Lucas 21, 34-36
Las palabras del evangelio de Lucas evocan ese estado de expectación similar al que mantienen los animales en situación de caza, es decir, de conservación de la vida: suficiente tensión para no ser sorprendidos sino para sorprender y la necesaria calma para no desfallecer en la espera. Vivimos sujetos a las coordenadas del tiempo y del espacio, no somos dueños, sino deudores de la vida. No sabemos, porque no es necesario ni importante, la hora del desenlace. El desenlace será la desembocadura natural de cada paso transitado. Lo que sí resulta del todo imprescindible es vivir conscientes del origen y del horizonte. Para la lucidez y la consciencia no hay otro camino más que el de la interioridad cultivada día a día. No es casual que el epígrafe de estos versículos lo constituyan las palabras: vigilancia y oración. La vigilancia como atención sostenida, como sensata prevención; oración como silencio arrodillado, como ego que se desplaza del centro.
La apocalíptica de Jesús es una advertencia de vida, una llamada a no rebajar la dignidad que sella la existencia humana, una brújula que sostiene la dirección válida en medio del cansancio, la dispersión y el desaliento.
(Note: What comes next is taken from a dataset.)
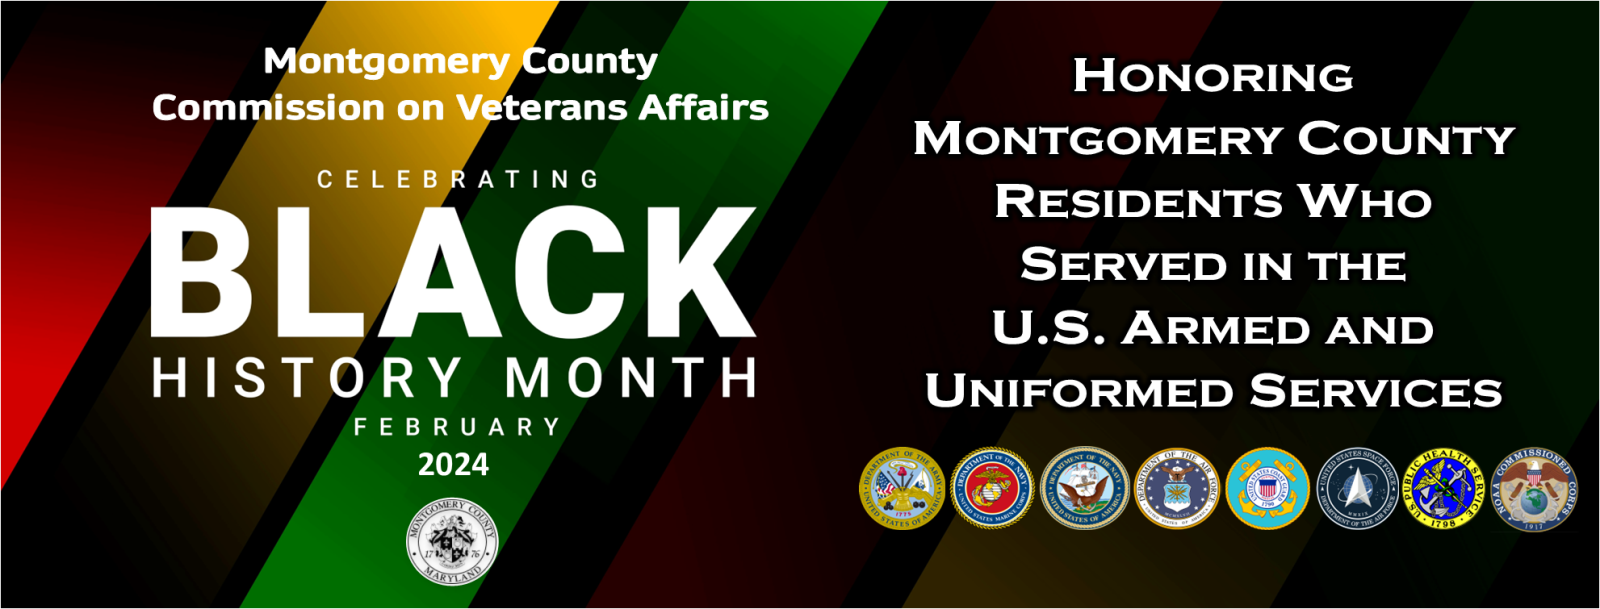 Black History Month Honoring Montgomery County Residents Who Served in the U.S. Armed or Uniformed Services
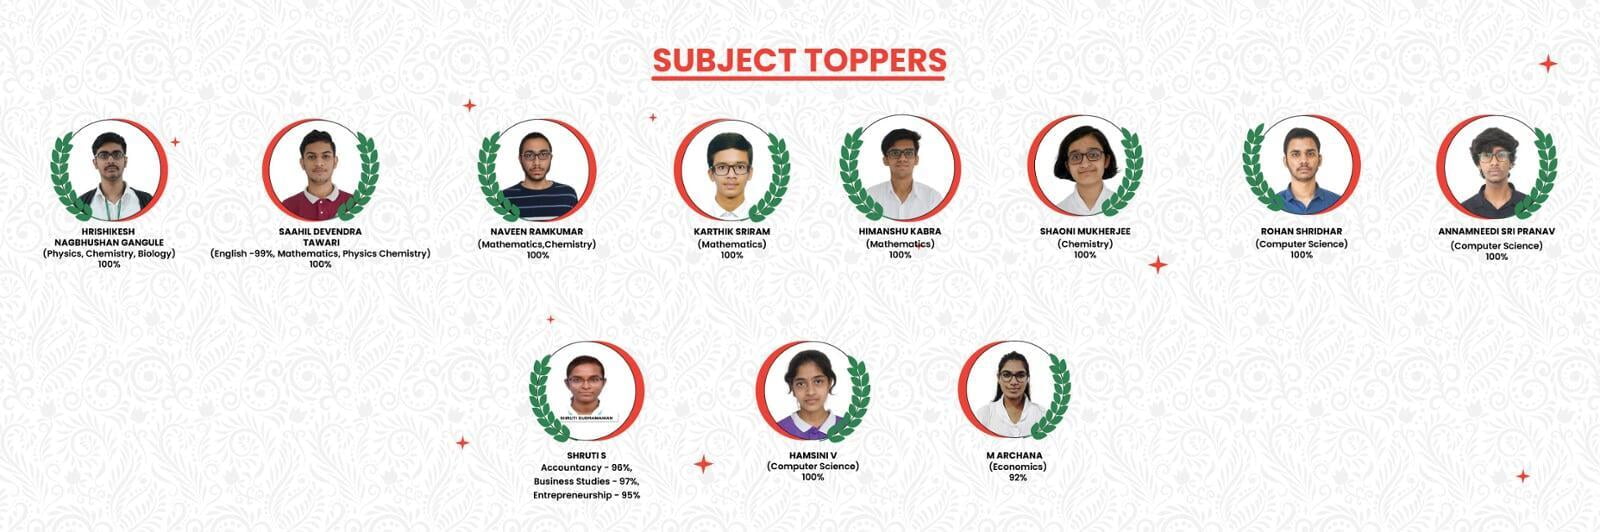 National Centre for Excellence - CBSE Grade 12 Toppers

Estos versículos de Lucas, preceden la decisión por parte de los judíos para matar a Jesús, son umbral de su entrega. Hoy, para nosotros, son la antesala de un Adviento a estrenar. Adviento que se abre como una puerta entre lo antiguo y lo nuevo, como oportunidad para recuperar un ritmo más saludable, favorable al bien de los hermanos, atento en la escucha que nos conecta con nosotros mismos y nos permite saber quiénes somos, qué debemos ser y cómo podemos llegar a serlo. No cabe tarea más urgente.